We never did find out how Chuck and Miss Lauren are - I guess if you're not important enough to get your face in the credit sequence, we aren't supposed to care if you lived or died. 


The internet and the critics who are prone to loving Life Unexpected held this week's episode in the highest esteem but I didn't much enjoy it.  Everyone in the episode was really fantastic except that I hate how selfish Lux is and how the writers don't seem to think that her behavior is selfish at all.  I'm not sure I have the energy to go into a long diatribe with examples of how everything she did during the episode was selfish but when this show ends for the season (forever) I believe I'll do a recap of the whole shebang and examine the many, many, many choices she made to care about herself more than anyone or anything else. 

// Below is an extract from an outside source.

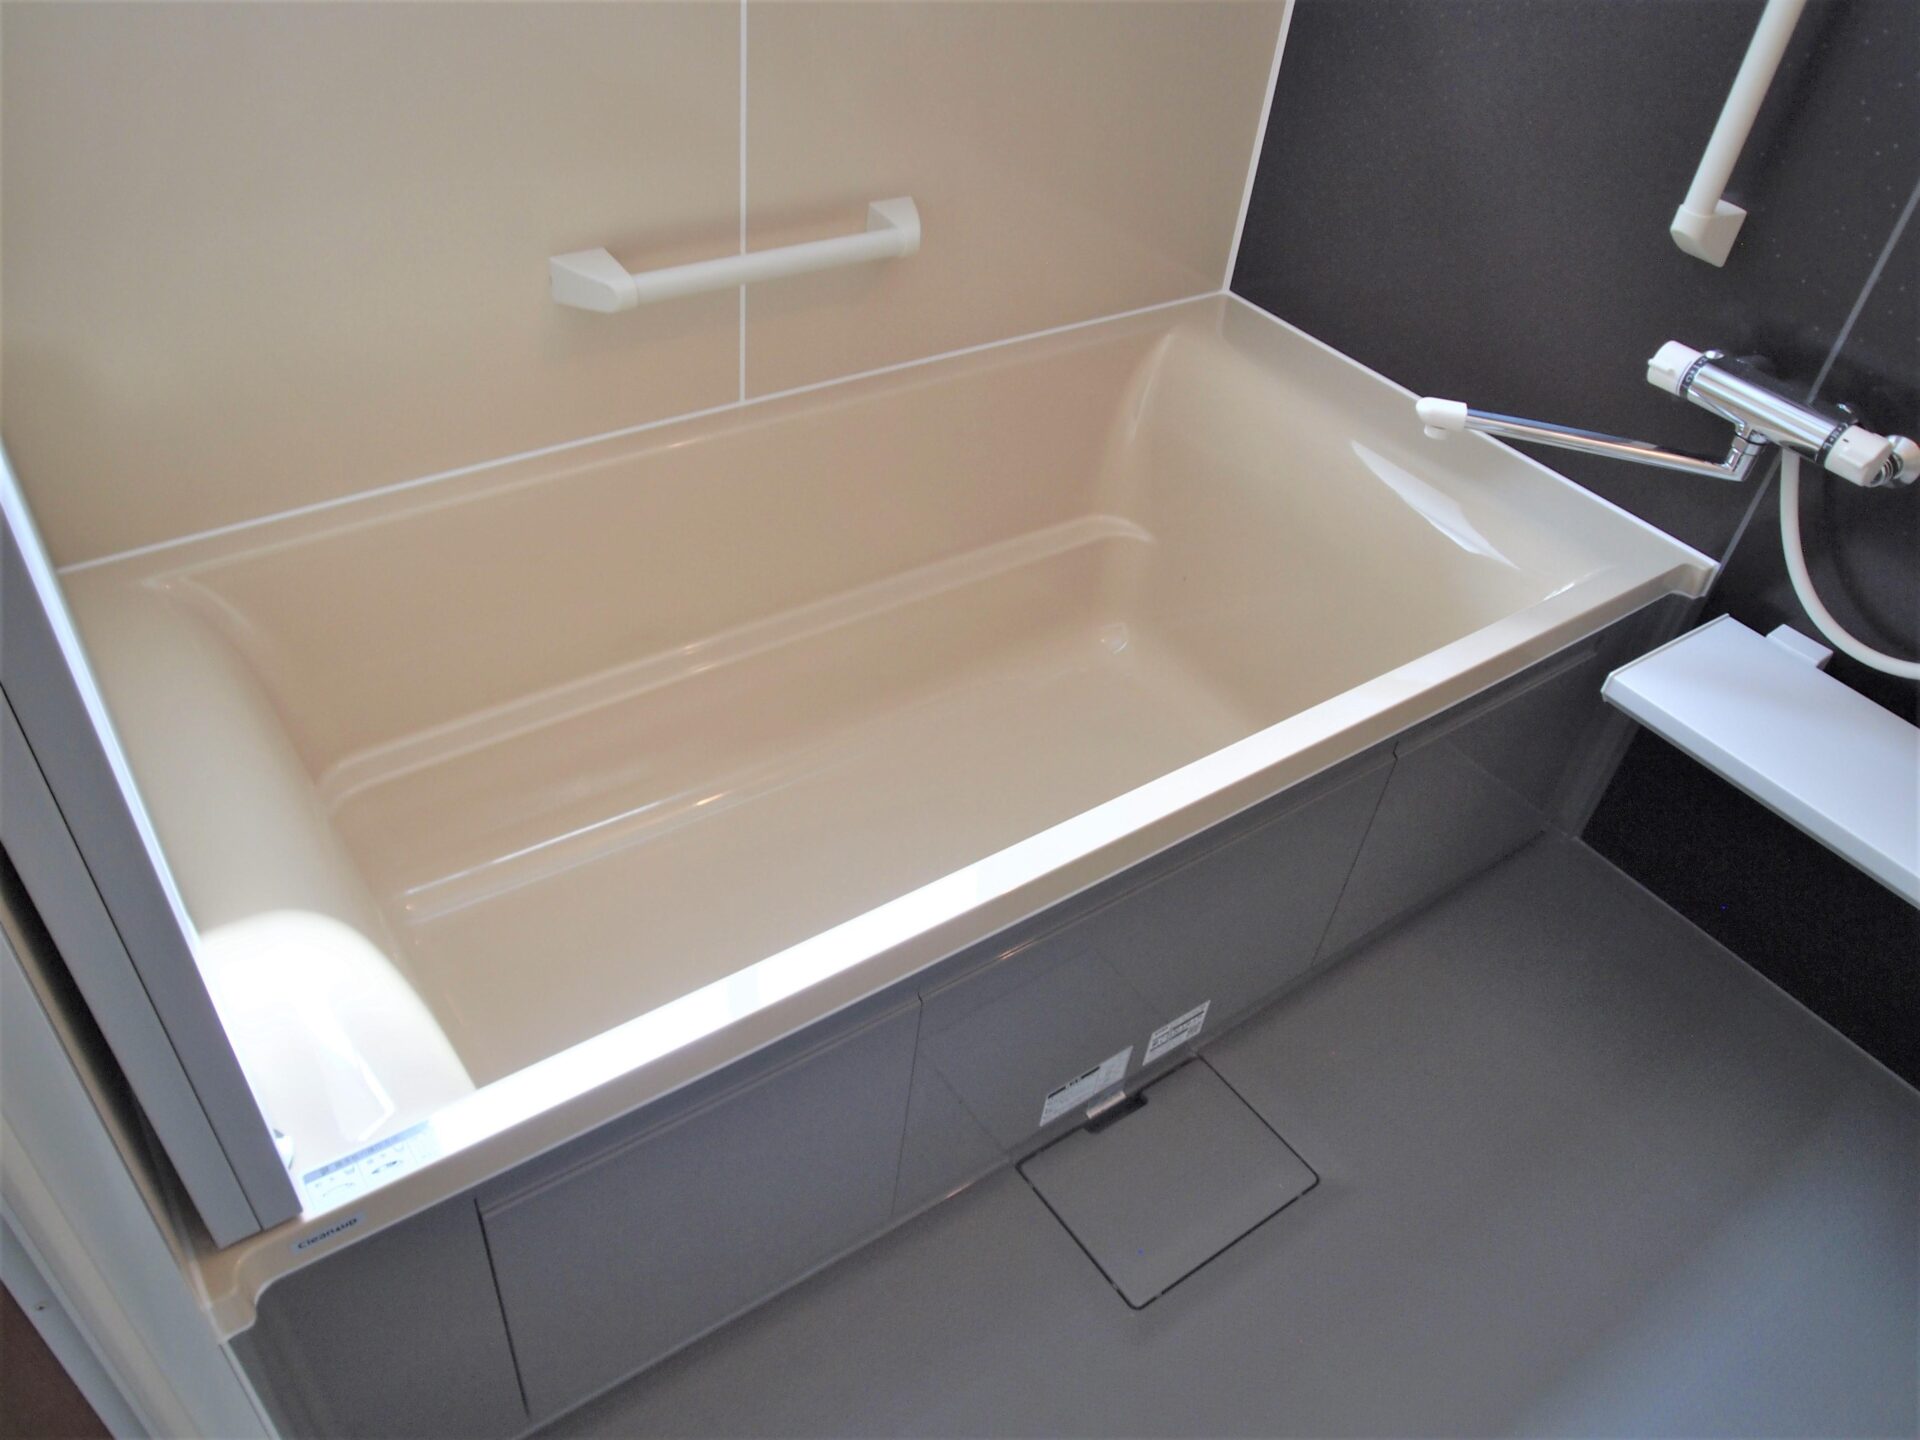 浴槽からの立ち上がりにも洗い場移動にも安心な手すりを設置。

Suffice to say, in this episode Tasha went to court to determine whether she was guilty of aggravated assault on Trey and we found out that the thing Lux kept not telling everyone was that Trey had molested and attempted to rape her when she was a kid.  We pretty much all saw that coming and I won't belittle that as a tragic, traumatizing and emotional event but I will say that because of the serious nature of all the other things that were happening in this episode - including the first sonogram of Ryan and Cate's baby, Tasha's fate, Lux's past, and the very way that the characters on the show have finally become one family - I found the inclusion of schmoopy Tiny Teacher love unseemly and gross.  And when he told her he loved her I wanted to punch him in his tiny face. 

Despite how often I complain about it, I really do like this show very much - I wouldn't stick with it if I didn't - but I can totally understand why it didn't find a large enough audience even by CW's standards.  People aren't going to like your protagonist just because you tell them they're supposed to, you have to make the person LIKABLE!  And if you can't do that (Dawson's Creek, One Tree Hill: The CMM Years) you can't rely on sap alone to win them over. 

Oh, Life Unexpected!  You had such potential but you just never could step far enough away to see your own flaws and pull it all together.